Gazete Ankara Keçisi, çıktığı günden itibaren Başkentte yoğun ilgiyle karşılaştı. Biz de gazeteyi çıkaran Hazal Battaloğlu ve Salih Levent Uğurlu ile bir röportaj yaptık. İşte o röportaj:
Ankara’da zor bir işe giriştiniz. Çok kısa sürede olumlu bir imaj yaratmayı başardınız. Gazete çıkarma düşüncesi nasıl ortaya çıktı?

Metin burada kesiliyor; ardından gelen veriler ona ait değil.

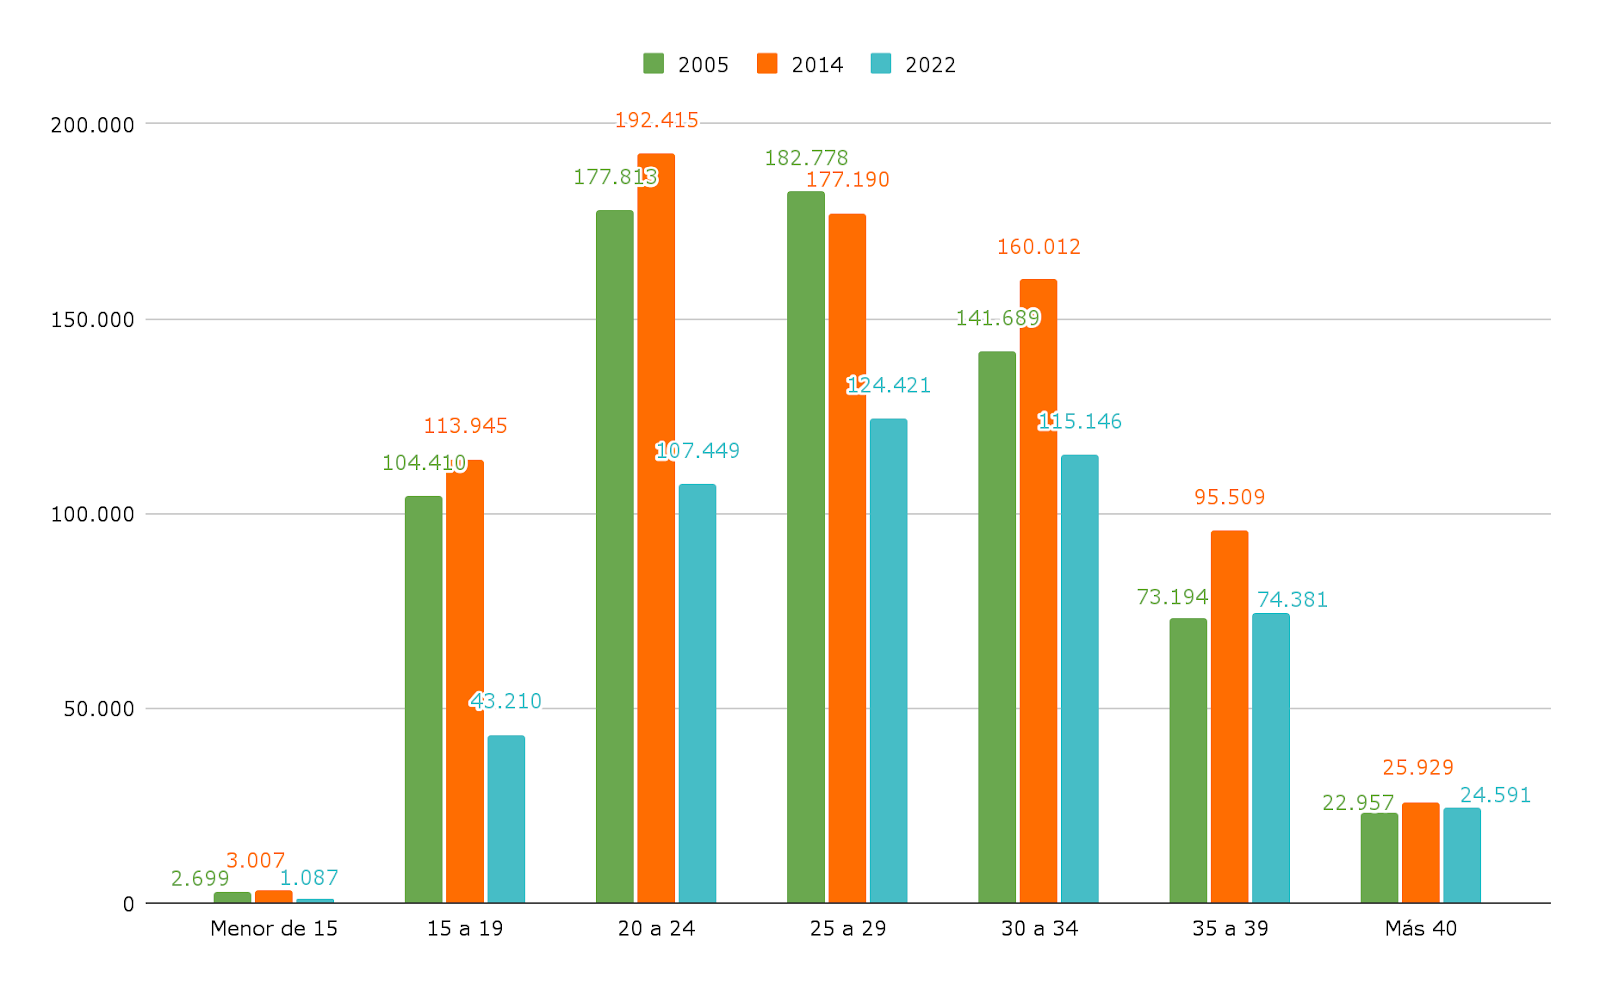 Gráfico 2. Nacidos vivos en 2005, 2014 y 2022 por rango etario de la madre.

S.L.U: Bir gün Hazal ile otururken “Gazete çıkaralım mı” diye sordum. O da “tamam” dedi.
Bu kadar mı?
S.L.U: Evet.
Gazetenizin misyonu nedir?
S.L.U: Size kuracağımız çok iddialı cümlelerimiz yok bizim. Zaten adımızdan da anlaşılacağı üzere mütevazı bir yayın organıyız. Ancak “ne kokar, ne bulaşır” misali bir duruş da sergilemiyoruz. Gazeteyi çıkarırken temel motivasyonumuz şuydu: Çevremizdeki “çok laf, az iş” durumlarından sıkıldık. Çok konuşuyoruz ama ortaya somut bir iş ortaya koyamıyoruz. Bir araya geldik mi ülkeler yıkıp kuruyoruz, sistemler inşa ediyoruz; siyasiler, akademisyenler, gazeteciler, yazarlar hakkında dedikodular dinliyoruz. Ee sonra? Biz bu durumdan açıkçası sıkıldık. Az konuşalım, sorun değil işimiz de küçük olsun ama ortaya somut bir iş koymuş olalım. Bundan 50 – 60 yıl sonra bir araştırmacı Milli Kütüphane arşivine gittiğinde dikili bir ağacımız olduğunu görsün. Bu insanlar da bu işi yapmış ya da yapmaya çalışmışlar desinler. Çok ileriye gitmeye de gerek yok. Daha üçüncü sayımızda Ankara ile ilgili yapılan çalışmalarda Ankara Keçisi’ndeki röportajlardan, yazılardan faydalanıldığını duyuyoruz. Bu küçük şeyler bize yetiyor.
Yayın anlayışınızı tam olarak anlatır mısınız? Ankara Keçisi’ne yerel gazete diyebilir miyiz?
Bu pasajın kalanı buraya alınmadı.